Do you know that cozy feeling of meeting an old friend after a long time? That’s exactly how I felt when I reading The House of Fortune by Jessie Burton, sequel of The Miniaturist (my review). What a lovely rendezvous!


The House of Fortune in a nutshell

The House of Fortune tells the fiction story of Thea, the 18-year-old teenager of the Brandt family, a well-known family in Amsterdam in the 1700s. Thea is quite a special girl for those times, as she was brought into the world through the love between a rich white mother and a Black father (previously enslaved).

While Thea is on a journey to discover herself, her father Otto and her aunt Nella (if you read the Miniaturist, you know them!) are struggling financially, selling furniture and valuable paintings in order to survive. Quite a change compared to how rich the Brandt family used to be …

Gorgeous limited editions of The House of Fortune
(right – Waterstones, left – independent bookshops)

Overall impression

I loved reading The Miniaturist, so it’s no wonder that I have the same feelings towards The House of Fortune.

On one hand, the story itself is super captivating and it seamlessly transports you to Amsterdam – one of my favourite cities in Europe πŸ™‚

On the other hand, getting back to the Brandt family after 18 years, knowing their troubled past from The Miniaturist, adds an extra layer of emotions. Reading The House of Fortune as a stand-alone is possible, but I highly recommend reading The Miniaturist first.


Race and women in the early 18th century

I’d say that race and women’s lives are 2 key themes of The House of Fortune, and both are illustrated through Thea. Young and restless, she starts learning about society’s expectations towards women (yes, you guessed it, get married and have children). She also starts feeling on her own how her skin colour is the only thing people see when looking at her …

I do think that racism and biases towards women are 2 topics are still very much valid today. Despite the shifts in (some) mindsets, compared to the 18th century, my personal opinion is that there is still so much to improve.

The real life miniaturist

Let’s talk about the book cover. It’s not only a gorgeous piece of art, but it is also taking the Miniaturist concept from the book to the real life. The cabinet model from the cover was created in 3D by Line Lunnemann Andersen, while the illustrations were created by Dave Hopkins.

Here’s a behind-the-scenes from the process of creating the 3D model:


Wrap-up

All in all, I recommend reading The House of Fortune if you enjoyed reading The Miniaturist πŸ™‚ It can be an interesting read as a stand-alone, as well, but the best reading experience would be to read it after getting in touch with the early history of the Brandt family … the events from The House of Fortune will make much more sense.
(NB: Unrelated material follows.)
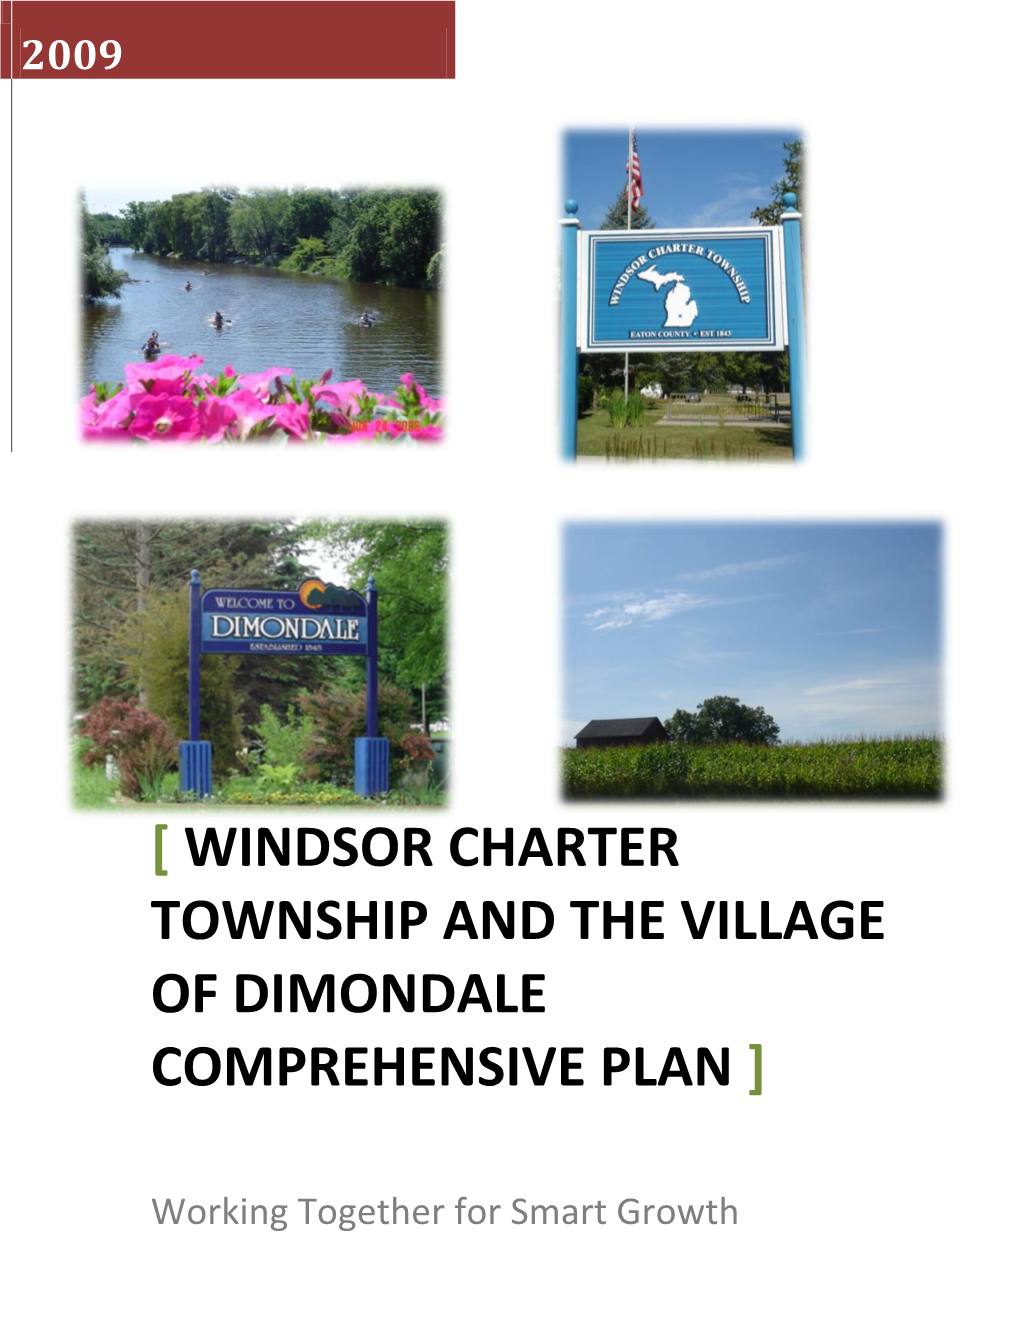 Township and the Village of Dimondale Comprehensive Plan 2009

‘Till next time … happy reading!

Georgiana


Cover picture: Amazon.co.uk

PS: PS: I received a digital copy of this book at my request, via NetGalley, in exchange for an honest review. My review expresses my own thoughts about the story and it is not influenced in any way by the publisher or the author. The book is published on July 7th, 2022.

2 thoughts on “Spellbinding sequel of The Miniaturist: The House of Fortune by Jessie Burton (book review)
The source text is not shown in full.